April 2010 Contest Problems |
1) Travelling Salesman Again !
If a trip from i to j is taxed, so is a trip from i-1 to j+1, i - 1 to j, and i to j + 1. We can use this to show that g[i][j] + g[i+1][j+1] <= g[i+1][j] + g[i][j+1]. Thus, the cost matrix is Monge.
A monge array can be shown to satisfy the Demidenko conditions. These conditions are necessary and sufficient conditions that a cost matrix should satisfy in order that the optimal tour be bitonic (first increasing and then decreasing) For example an optimal tour can be something like : 1 3 4 5 9 8 7 6 2 1.
This allows a DP solution, with state (i,j) which is the value of the optimal tour passing through all nodes between indices i to j. (Treat the optimal tour as two paths, one from 0 to n - 1, and the other from n - 1 to 0, having no vertices except 0 and n - 1 in common). Time complexity : O(n^2 + K)

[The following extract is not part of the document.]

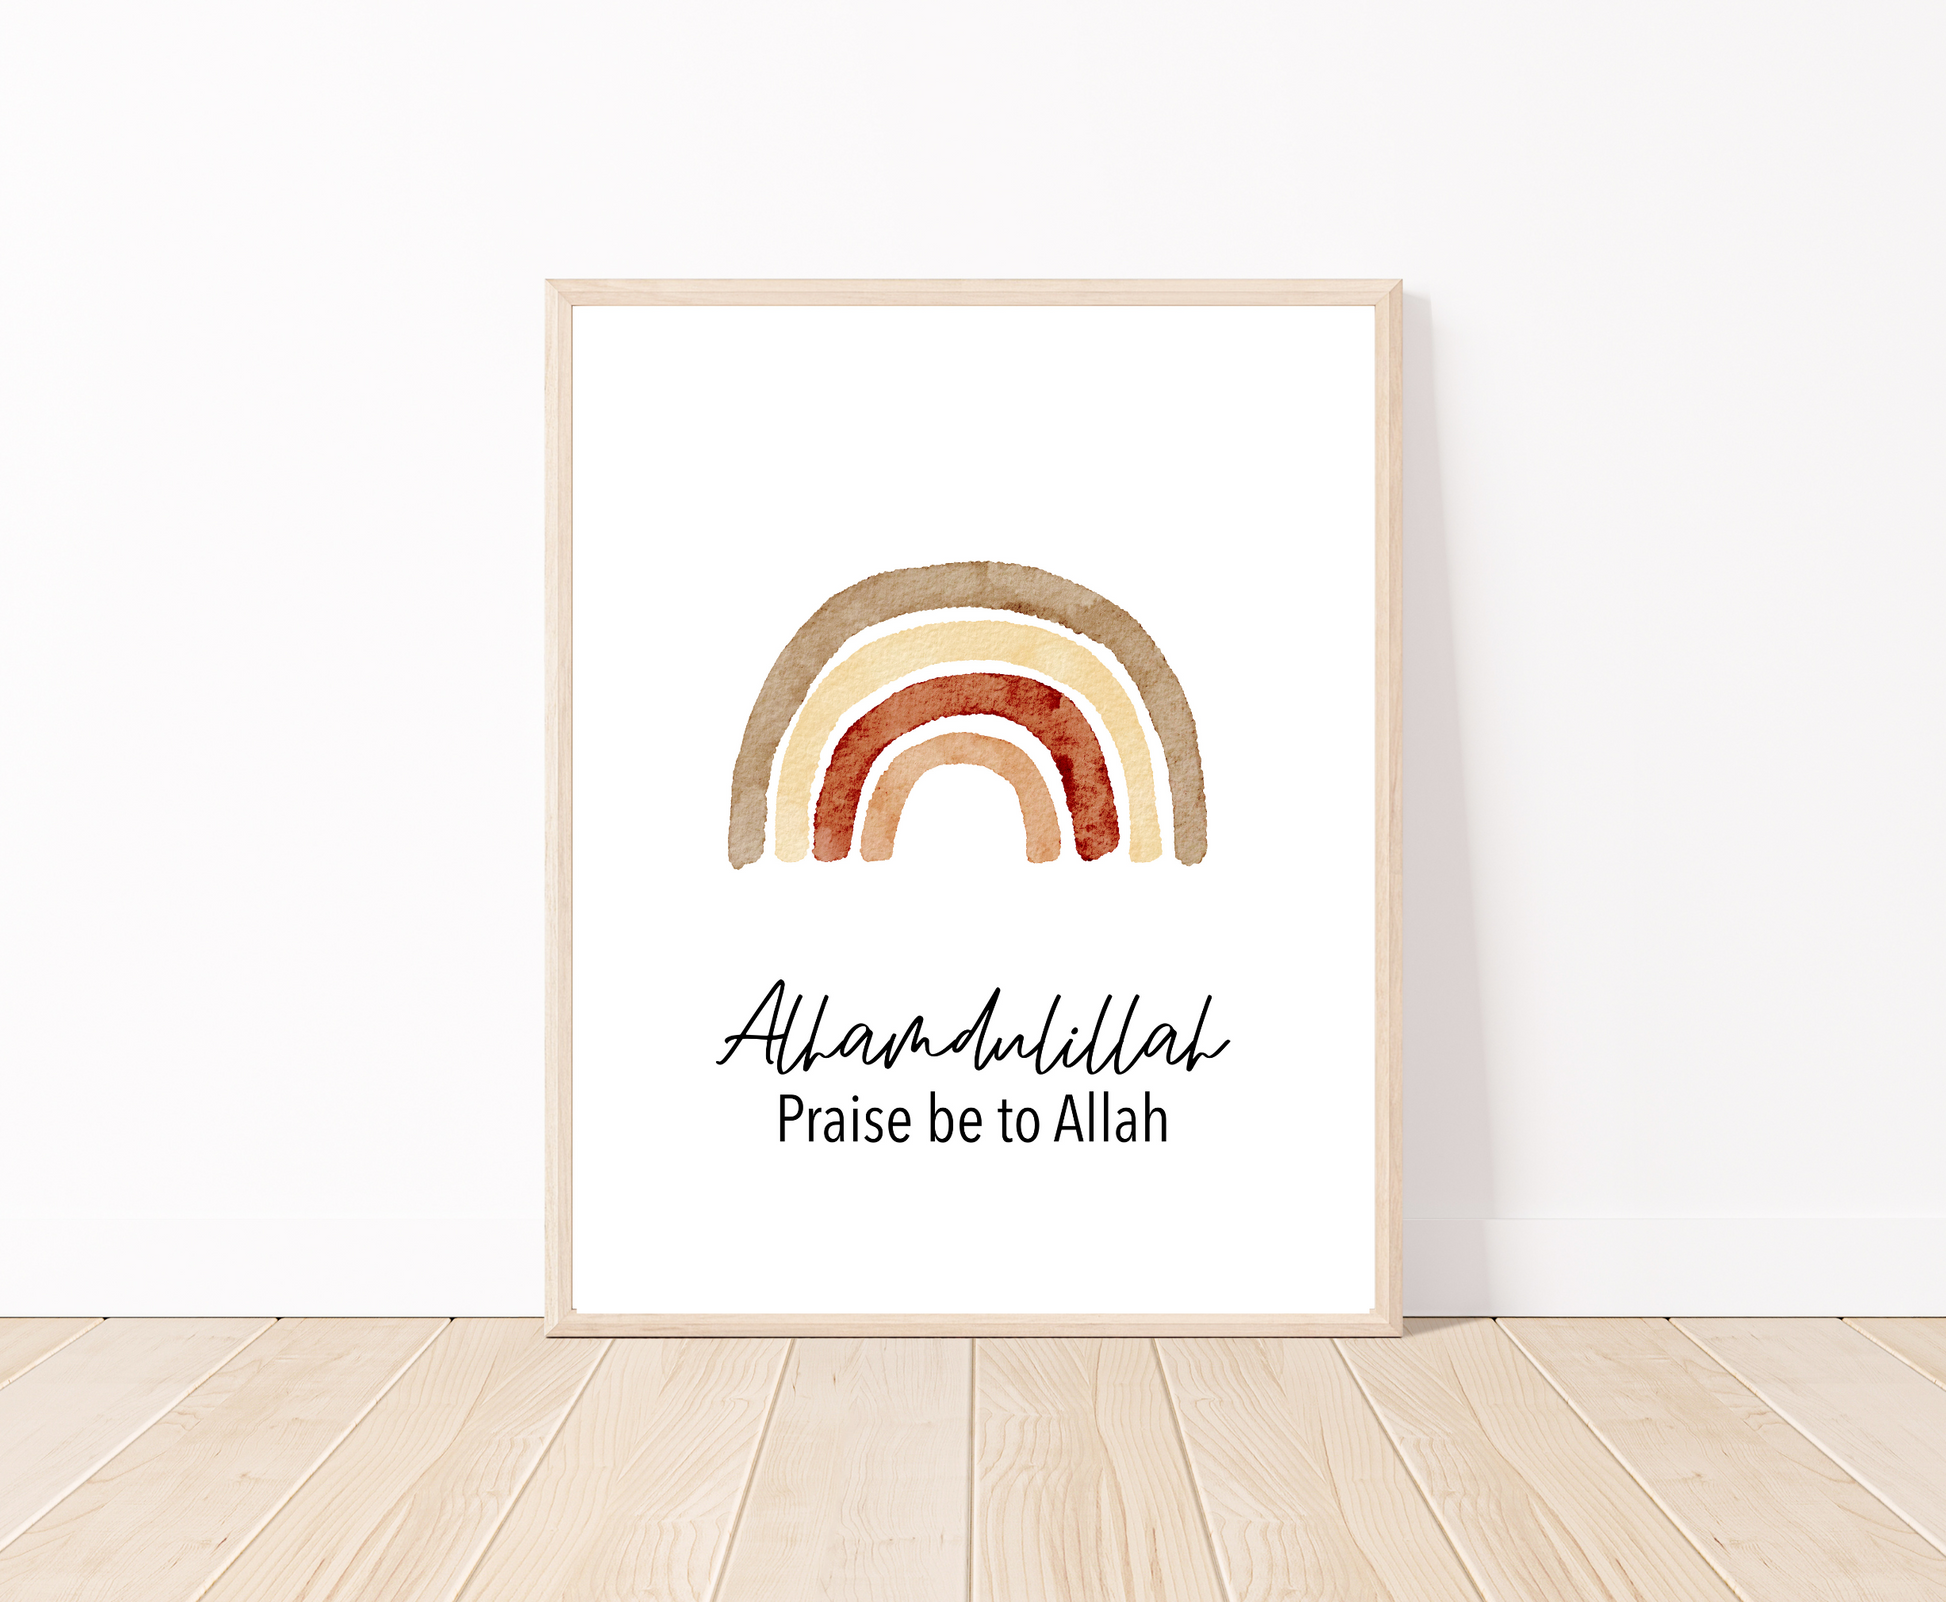 A digital poster that is placed on a white wall and parquet flooring shows a different degree brown rainbow design with the word “Alhamdulillah”, Praise Be to Allah below.
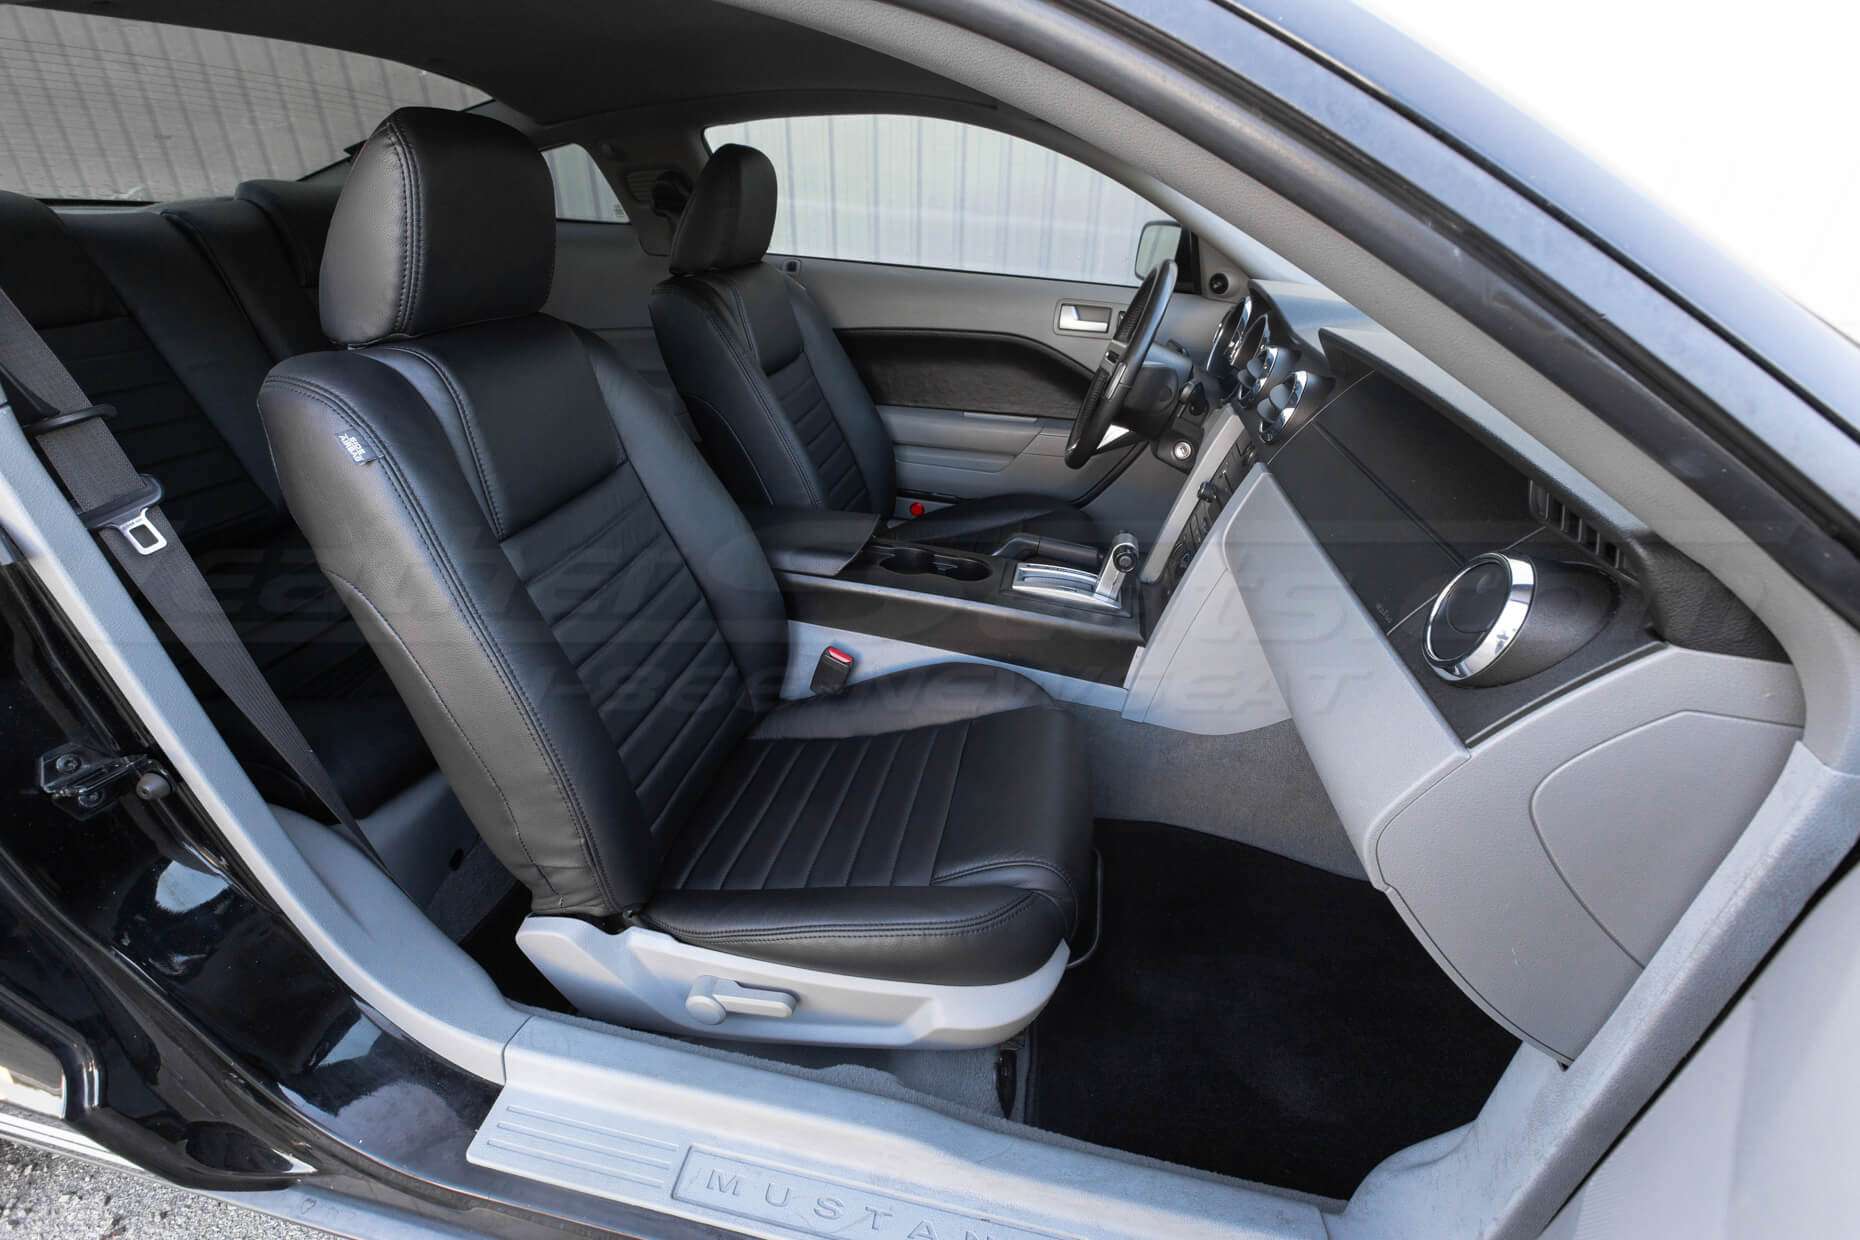 2005-2009 Ford Mustang Leather Seats - Black - Front interior - Passenger side view with wide angle

There is also an O(n) solution to the problem too, once the g matrix is known. Each entry of the g matrix can be computed in O(log ^2 K) time using a data structure such as a segment tree. This leads to an O(n log ^2 K + K) solution.
2) Adding Fractions
Consider plotting the points (yi,xi) on the plane. For each point i we add, we wish to know what is the point j, along with which the point i makes the maximum slope line when the two points are joined. Note that this point lies on the convex segment of the points p0..p(i-1). Thus we keep a convex segment of the points on a stack as we proceed. When we encounter the point i, we keep popping points from the stack till the current point does not form a concave segment with the last two points on the stack. The last point on the stack is the optimal j we were looking for. Push i on the stack, and proceed. Since each point is pushed/popped at most once, we have a linear time algorithm.
3) Trip
It is easy to see that in order to make the least number of stops, one should cover as much distance as possible each time. We can compute this in linear time, by maintaining two pointers p1 and p2 such that a[p2] - a[p1] <= M, but a[p2+1] - a[p1] > M. We can decrement p1 and adjust p2 accordingly.
Thus we get get for each point i, dp[i], which is the minimum number of steps to reach the destination from location i. To count the number of ways, we have dp[i] = sum dp[j], such that dp[j] = dp[i+1], and a[j] - a[i] <= M. We can easily compute the dp[] array in linear time as well.